PAULSBORO, N.J. (CBS) — The long wait to return home began slowly coming to an end on Friday for residents of Paulsboro, New Jersey who were forced to evacuate as a result of the train derailment that caused vinyl chloride to leak from a ruptured tanker.

Officials started home-by-home air quality checks within the evacuation zone. The process was initiated because for more than 24 hours no vinyl chloride had been detected in the air in and around the evacuation zone.

Air quality experts were available to accompany residents to their homes to test for vinyl chloride. If the tests were negative, residents were permitted to return home.

“Our priority has been and continues to be the safety of Paulsboro residents,” said Capt. Kathy Moore, the Coast Guard incident commander. “To initiate this mandatory process, residents must check in at the Community Assistance Center. We have created this process to afford every resident the opportunity for face-to-face expert confirmation that the air in their home is free of detectable levels of vinyl chloride.”

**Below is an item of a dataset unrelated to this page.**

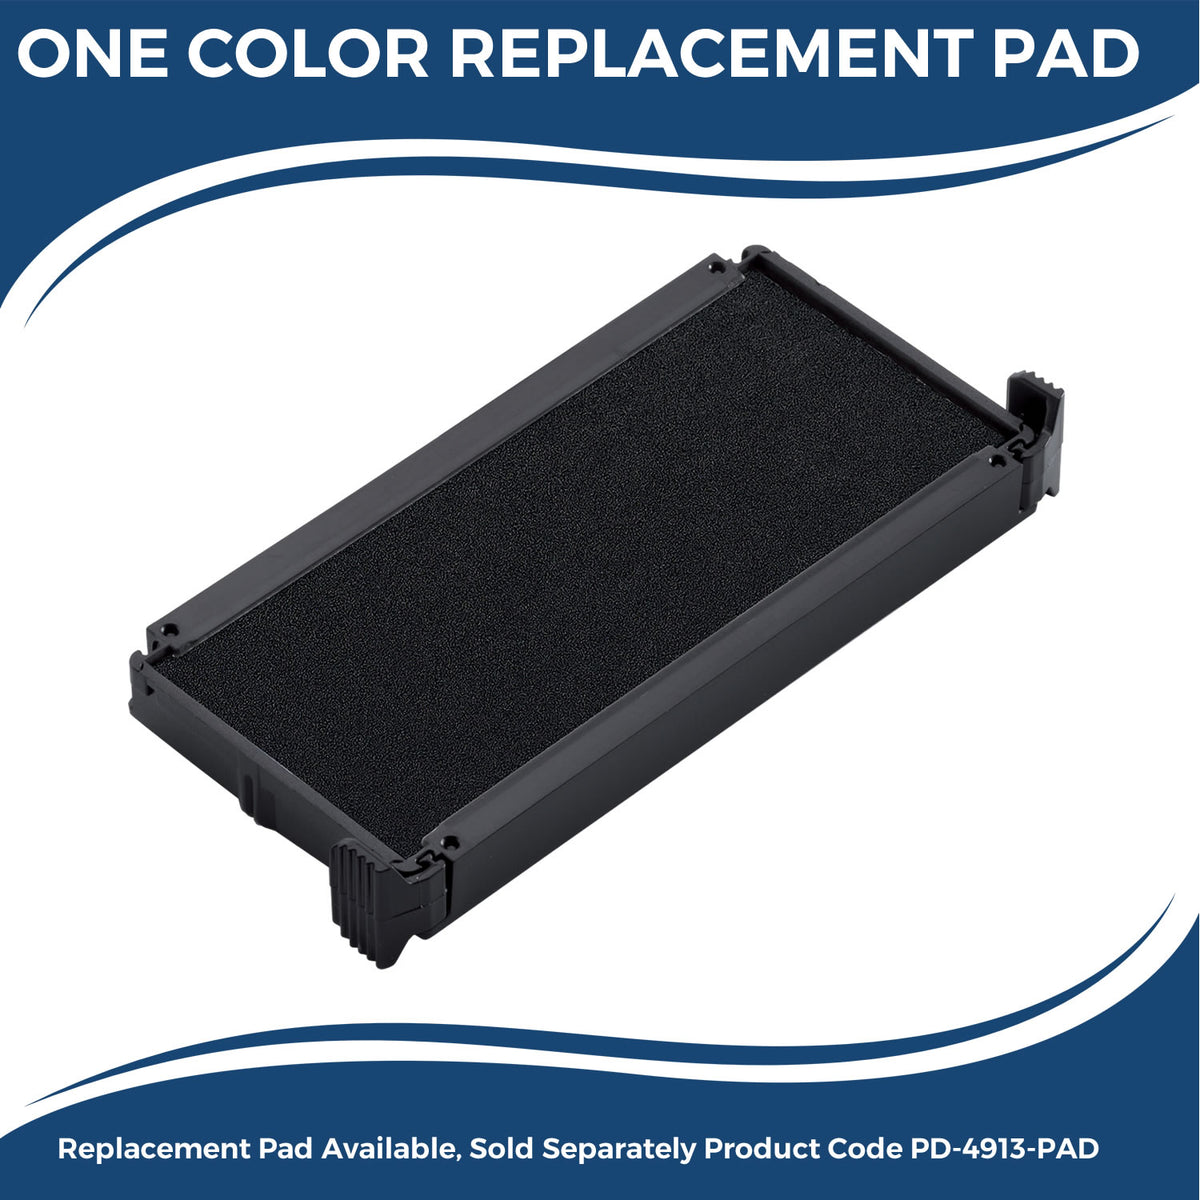 Large Self Inking Advanced Placement Stamp 4634S Large Replacment Pad

People living in ten homes along the railroad tracks were still on the outside looking in Friday evening. When those residents would be able to return was unknown.

Most of the residents permitted to go home were grateful to get back to something approaching a normal life, although many were still openly questioning how things were handled.

Paulsboro resident Dawn Wright. (credit: David Madden)

Paulsboro resident Dawn Wright. (credit: David Madden)

“If half of Paulsboro was evacuated, all of Paulsboro should be evacuated,” said resident Dawn Wright, “because we all breathe the same air.”

The National Transportation Safety Board announced earlier in the day that it had completed its work, a week after the November 30th derailment.

(Read related story…)

The NTSB expected to have a preliminary report completed in two weeks.